Домой шли по отдельности: Вася обычной дорогой, а Толик вообще исчез — возможно, пошел каким-либо обходным путем, чтоб и по одной дороге не идти с обидчиком!..

Впрочем, Вася не терял надежды, что как-нибудь все уладится. Зачем Толику обижаться? Вася же на него не обижался… И он не должен!.. Ведь, если рассудить справедливо, кто первый начал ссору? Толик! Начал придираться, упомянул про бутылки, а если Вася сказал, что Толик деньги выпрашивает, то это чистая правда: все ему деньги дают, Алхимик даже свою глиняную свинью разбил, ничего в этом особенного нет… Нужны деньги, вот он и просит! А что Вася не захотел ему денег дать, то в этом тоже нет ничего обидного: кто хочет — дает, кто не хочет — не дает… Сейчас не дал, а через десять минут, возможно, передумает и даст! Скажет: на тебе денег, иди покупай запчасти для своей больницы.

А что если в самом деле дать Толику немного для больницы, ведь больница-то — дело общее, Вася тоже обязан в ней участвовать! Взять, скажем, эти бутылочные деньги да и отдать! Тогда можно будет сказать, что бутылки эти Вася собирал специально для больницы, ни для чего другого! Видит, что больница нуждается в деньгах, пошел, набрал бутылок, сдал, и вот — получайте! И на воскреснике по этой самой причине не был — искал, где бы денег для больницы достать… Так Вася и сделает. Только, конечно, таким образом, чтобы не унизить своего достоинства…

Кое-как расправившись с домашними заданиями, Вася вышел во двор и сел на скамейку, оглядываясь по сторонам.

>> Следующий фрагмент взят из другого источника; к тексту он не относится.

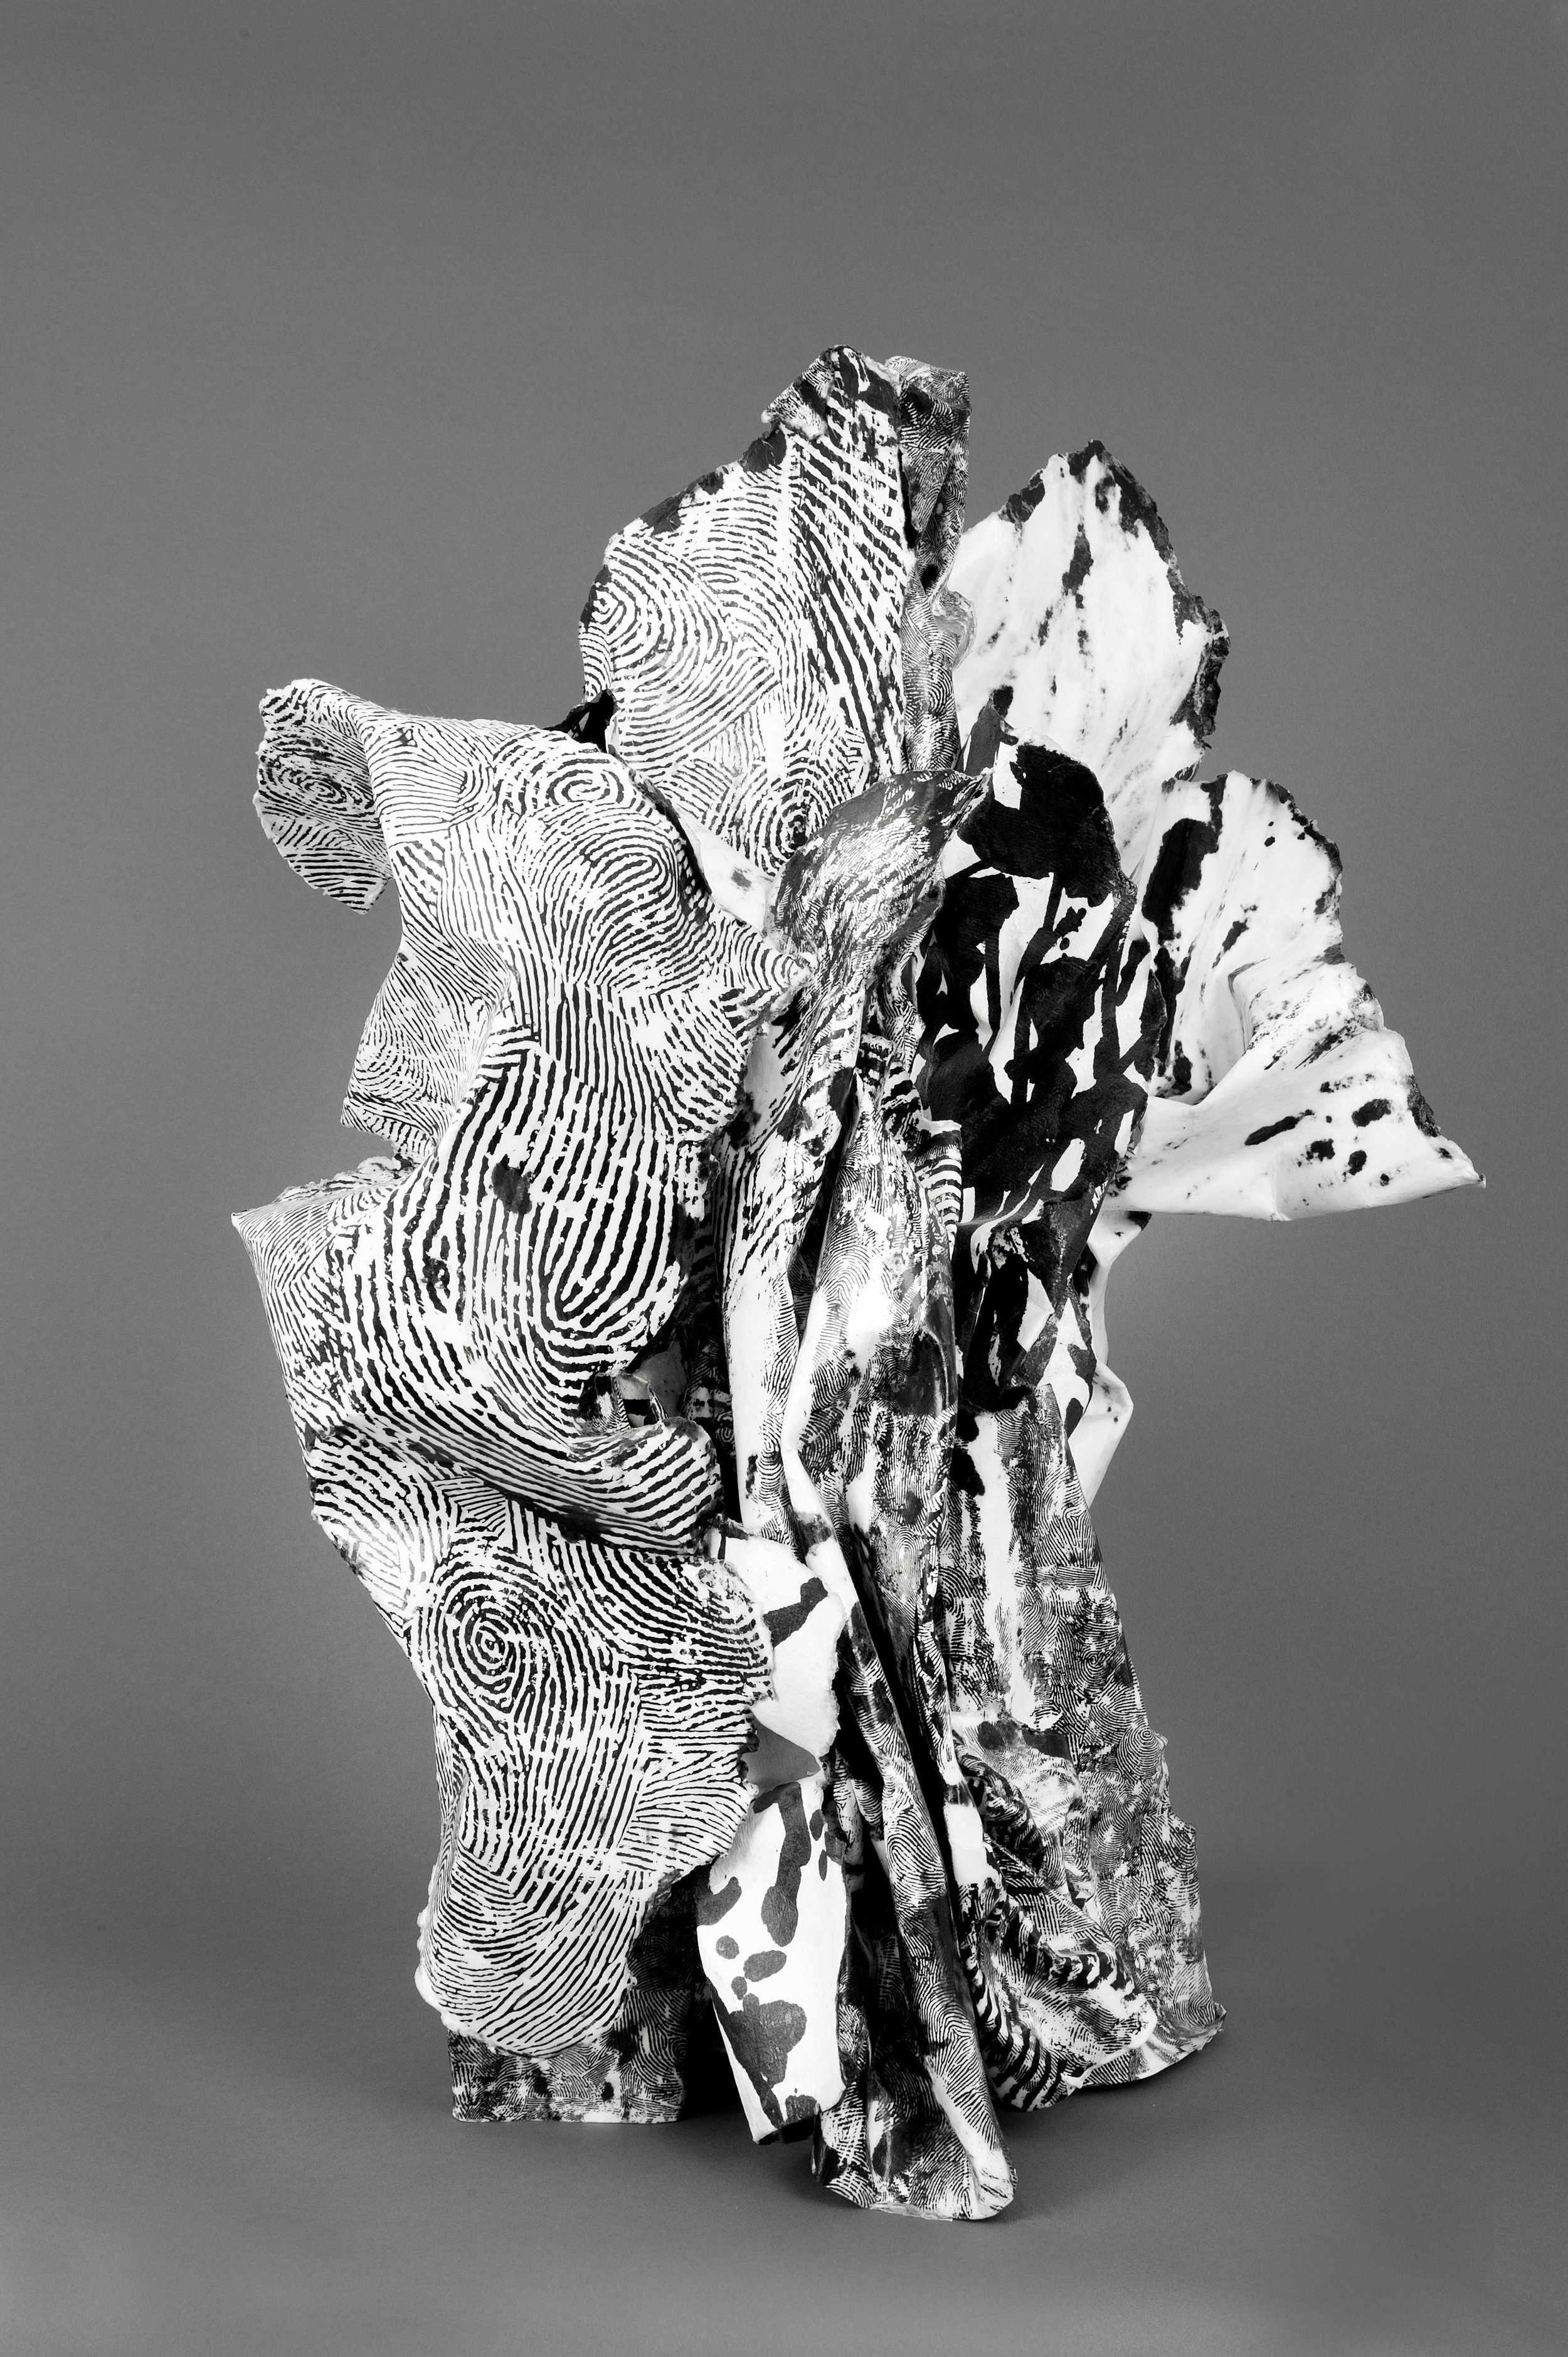 Hilda Shen,  RockStrata , 2003. Paper, Ink, wax, wood, 14 x 18 x 25 inches ©Hilda Shen, courtesy Fou Gallery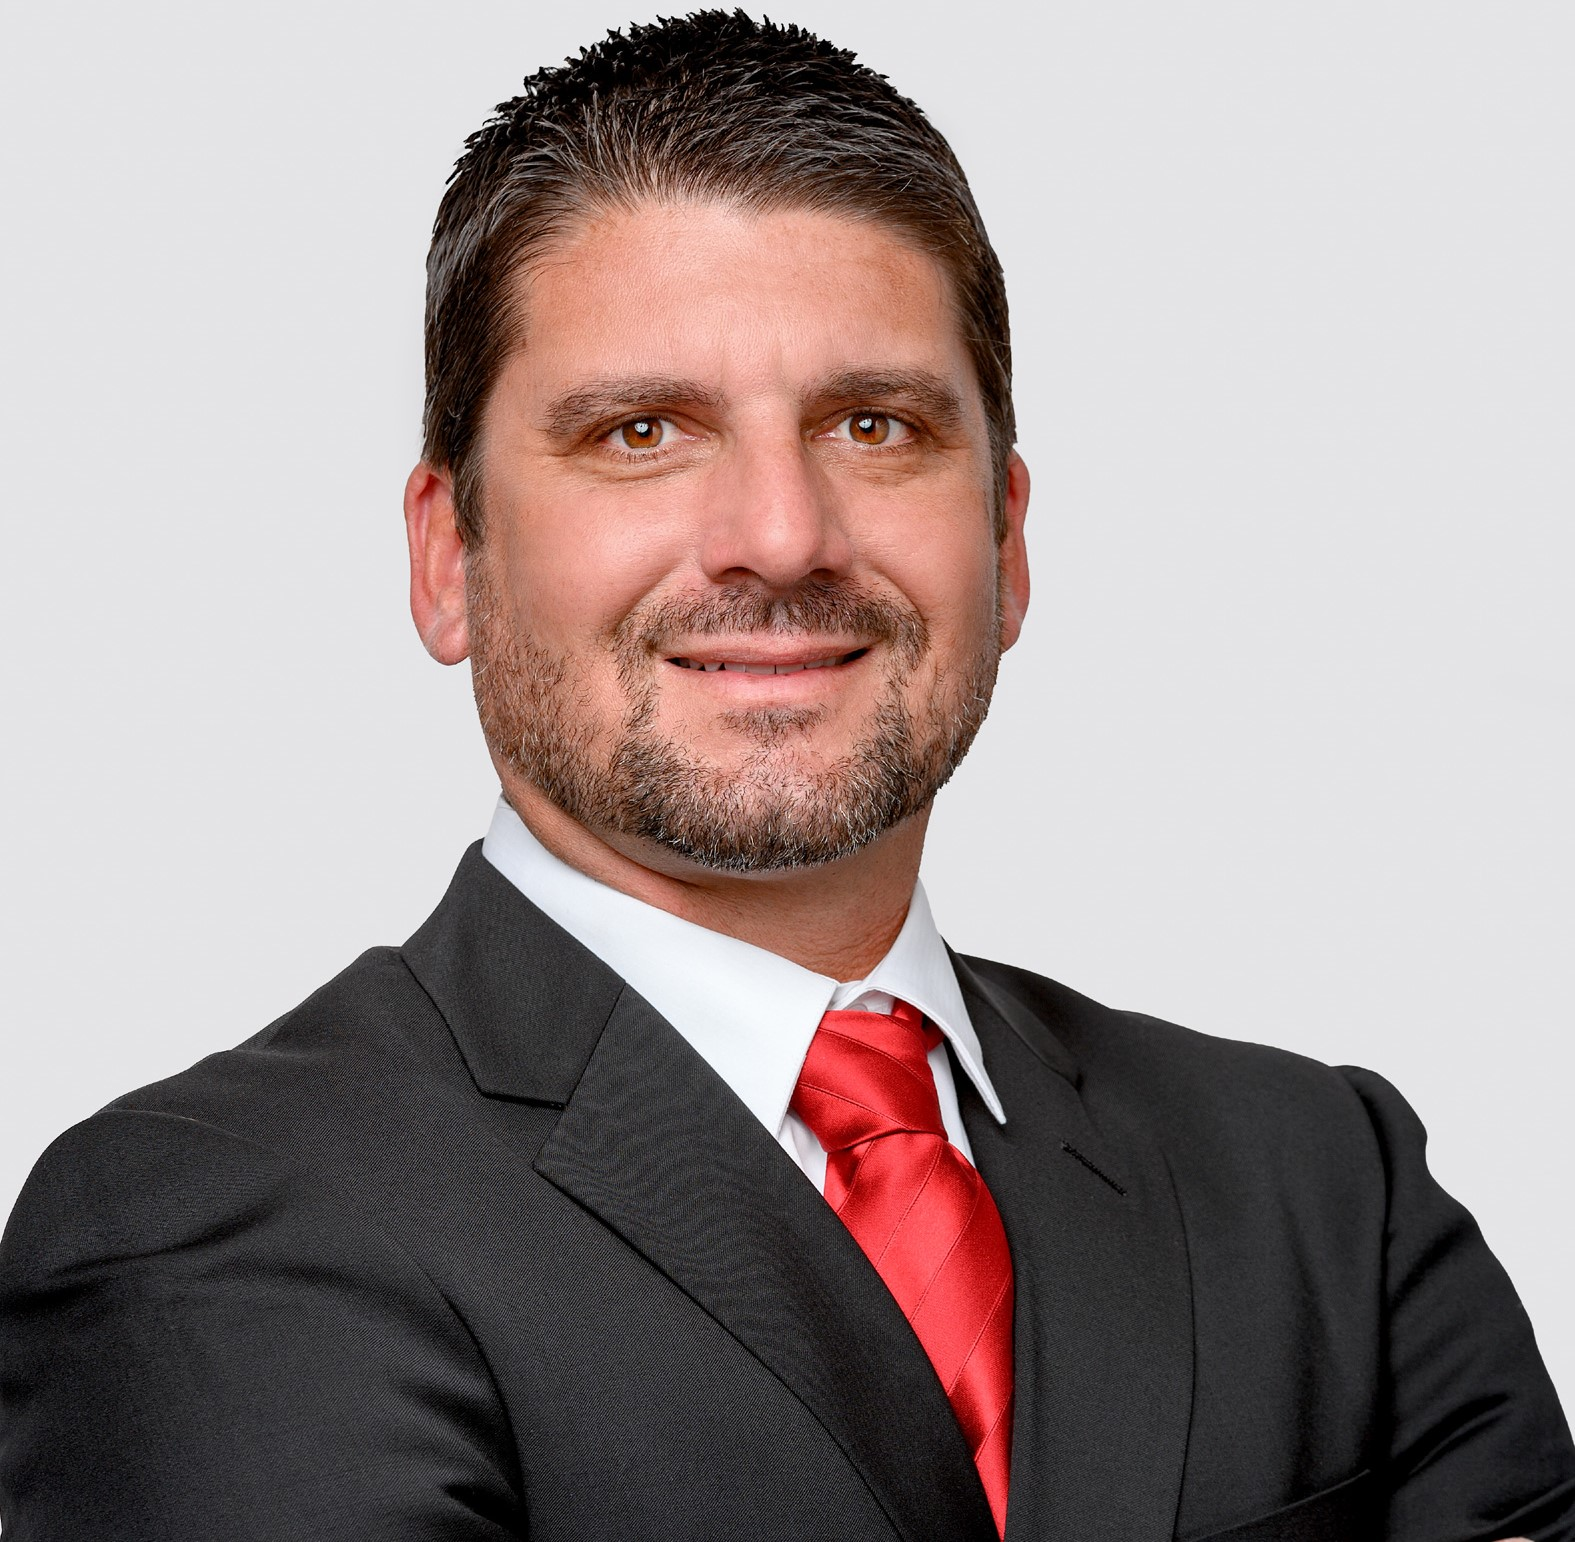 Todd J. Blosser

Настолько он был все эти дни занят, что и не заметил, как, во двор пришла настоящая весна: повсюду, где только можно, где не было асфальта, вылезали и зеленели изо всех сил разные травинки, почки на деревьях уже развернулись в самые настоящие листики, на большое дерево собрались на какое-то свое собрание воробьи со всего района и орали все разом. Это были уже не те зимние, озабоченные поисками пропитания, нищие и озябшие воробьи, а веселые, самоуверенные и нахальные! Судя по их голосам, они не какие-то деловые вопросы обсуждали, а орали просто так, от радости. Может быть, это собрался хор воробьиной самодеятельности.

Окончательно отбившиеся от рук Андрейка с Андрюшкой, одетые совсем по-летнему, напялили какие-то странные маски, изображающие голову непонятного зверя с ушами, и скакали рядышком через двор самым нелепым и неестественным образом. Ноги у них были прямые, локти прижаты к бокам, а ладони свисали у груди наподобие лапок, и так они неутомимо прыгали, хохоча во все горло от своей выдумки. Хозяин медведя, очевидно, направлявшийся опять в больницу со своим больным медведем, которого он нес под мышкой, остановился и с одобрением наблюдал, как они прыгают.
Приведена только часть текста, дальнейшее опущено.